El jesuita F. Huidobro, capellán de la legión, admiraba a los requetés «que lo llenan todo de religioso idealismo, patria…¡cómo hablan de la muerte!». Y Fray Justo Pérez de Urbel exclama también: «¡Qué estallido de entusiasmo! ¡Qué desprecio a la muerte!» Y sobre todo qué desprecio por la muerte de los demás, de los «sin Dios», a quienes los requetés les pedían de rodillas que se confesaran antes de asesinarlos. Otro capellán, Juan Garay, se jactaba de haber «quitado de en medio a más de cien marxistas» con su «pistolita». Como escuchó Dioniso Ridruejo en un sermón en la catedral de Segovia: «La patria debe ser renovada, toda la mala hierba arrancada, toda la mala semilla extirpada…No es éste momento para escrúpulos». Eso sí, todos los «paseados» «tienen oportunidad de confesarse antes de morir y, por lo tanto,pueden ir al cielo», porque, como escribía el sacerdote jesuita Alberto Risco, esos legionarios y regulares «embriagados con la sangre» llevaban «el aliento de la venganza de Dios sobre las puntas de sus machetes». El obispo Enrique Pla y Deniel saludaba la guerra «necesaria» como «gran escuela forjadora de hombres».
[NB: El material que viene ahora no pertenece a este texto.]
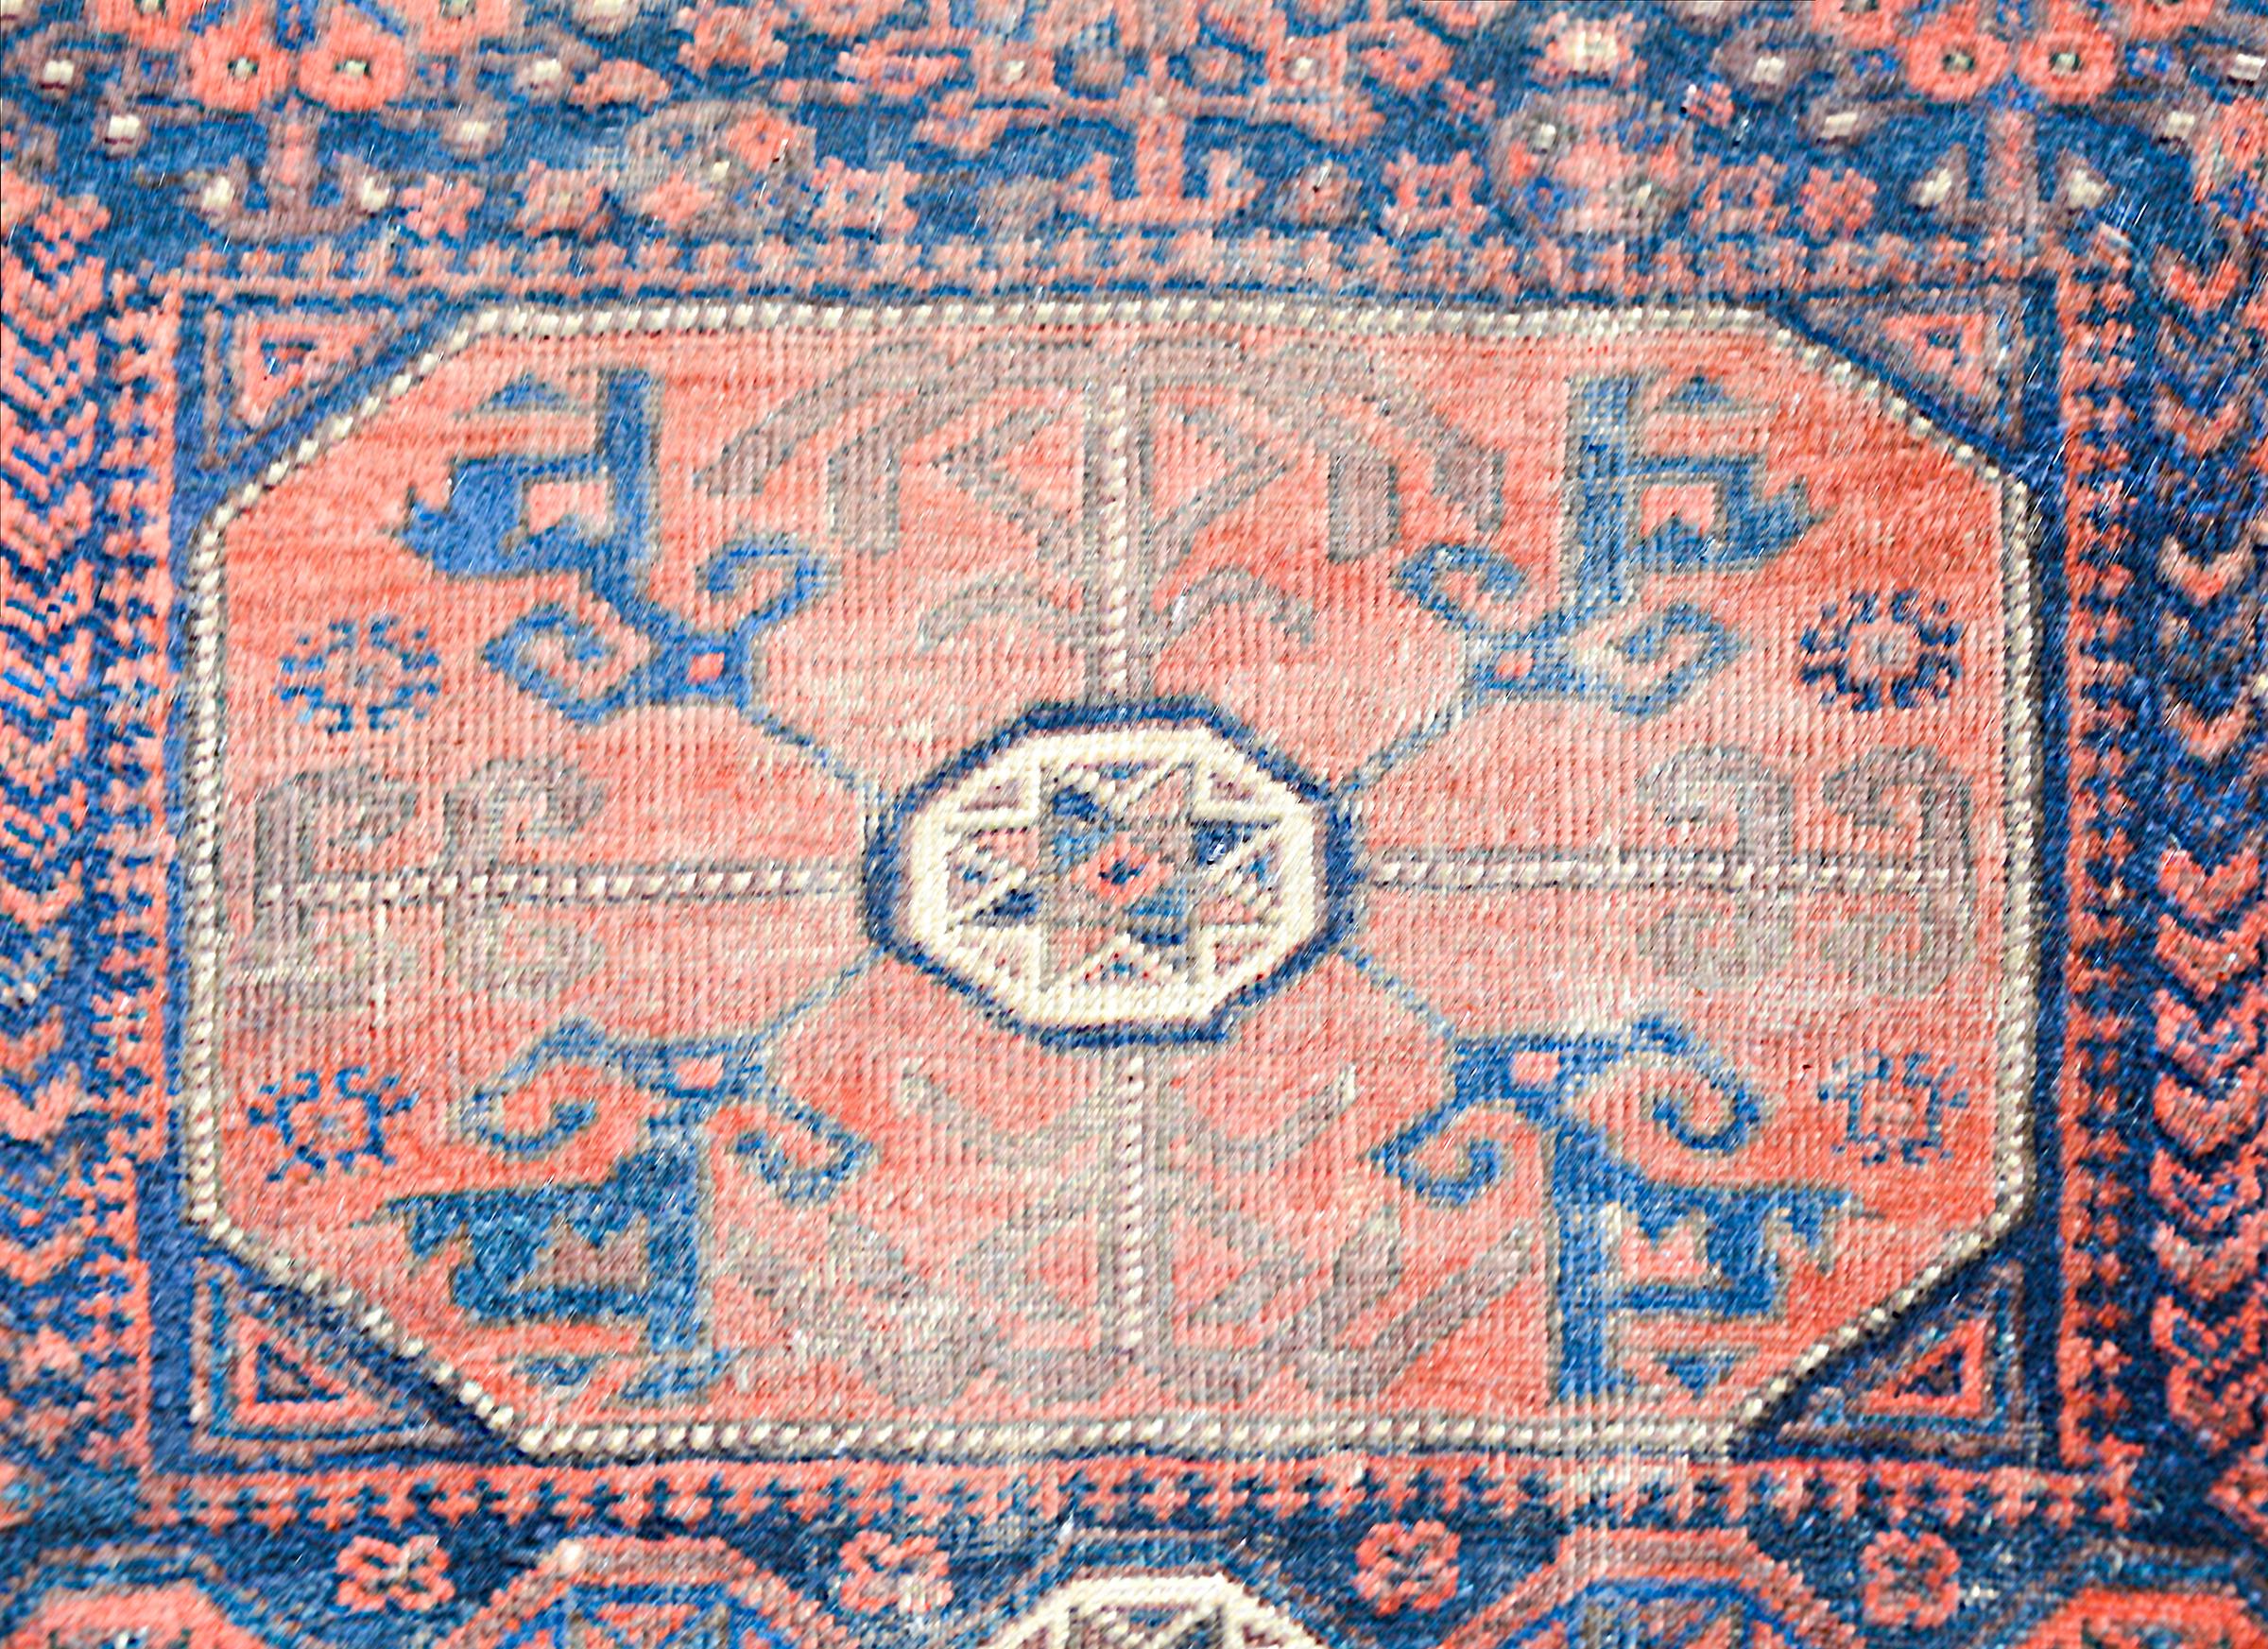 Magnifique tapis persan Baluch du début du XXe siècle, présentant un fantastique motif tribal contenant de multiples fleurs stylisées tissées en cramoisi, indigo, brun et blanc, et entouré d'une bordure à motifs de fleurs et de feuilles

La Iglesia colaboró «en cuerpo y alma» en ese baño de sangre, justificando y encubriendo las matanzas, «bendiciendo las ensangrentadas armas de la rebelión», «canonizando el crimen». Los capellanes estaban entusiasmados con el «resurgimiento religioso del país», fruto del terror, ellos «vendían e imponían moral católica, obediencia y sumisión a los condenados a muerte», pero jamás «intercesión ni buenos oficios». Martín Torrent dirá de los presos de su cárcel modelo de Barcelona, que ésta les hacía cambiar, les convertía de nuevo a la religión, les hacía amar otra vez a su familia, por lo cual el «dolor» del preso era «un gran bien espiritual». Esa purga desarticuló las raíces del laicismo. Para conseguir la libertad condicional el preso debía superar el examen de religión. El 80% de los fusilados se arrepentían, porque de otra manera su familia seria represaliada. Esos «hijos traidores…confiesan humildemente sus pecados cuando se ven en las fronteras de la muerte» (Fray Menéndez-Reigada). La Iglesia y la religión lo inundaron todo. El español «es el único Estado verdaderamente católico que hoy existe», declaraba Franco el 17 de abril de 1946. Las escuelas católicas olían a flores e imperio.

Durante casi toda la dictadura, la Iglesia no quiso saber nada de perdón ni de reconciliación, de la misma manera que durante la guerra se opuso a la negociación de la paz, e incluso le pidió al Papa que no interviniera. Aquél era un «plebiscito armado», que había que ganar, una Santa Cruzada, la Segunda Reconquista para salvar a España del liberalismo y la democracia.

Un Decreto del 4 de agosto de 1931 había disuelto el cuerpo de capellanes, pero el exterminio puesto en marcha en nombre de Dios desde el verano de 1936 obligó a regular la asistencia espiritual a los reclusos, porque se les mataba para purificar la patria, pero había que salvar sus almas, así que debieron confesarse y recibir la extrema unción. El momento ideal para entrar en acción era «después de la primera descarga, antes del tiro de gracia» recomendaba el jesuita Pérez del Pulgar.

El nacionalcatolicismo era el antídoto perfecto frente al laicismo proclamado en la República. La terrible tríada de dominio político, militar y religioso quedó sancionada el 9 de febrero de 1939 con la Ley de Responsabilidades Políticas, que en su artículo 48 del Capítulo II, demandaba de los curas párrocos (además de los alcaldes y la guardia civil) informes para la limpieza de rojos, que desembocó también en el saqueo y pillaje de bienes. Una «operación quirúrjica en el cuerpo social español» (obispo Pla y Deniel).

¿Por qué siguen existiendo los capellanes en un Estado laico? Porque la transición de la dictadura a la monarquía fue llevada a cabo por quienes ejercían el poder totalitario y entre ellos estaba la Iglesia. Los garantes son los militares.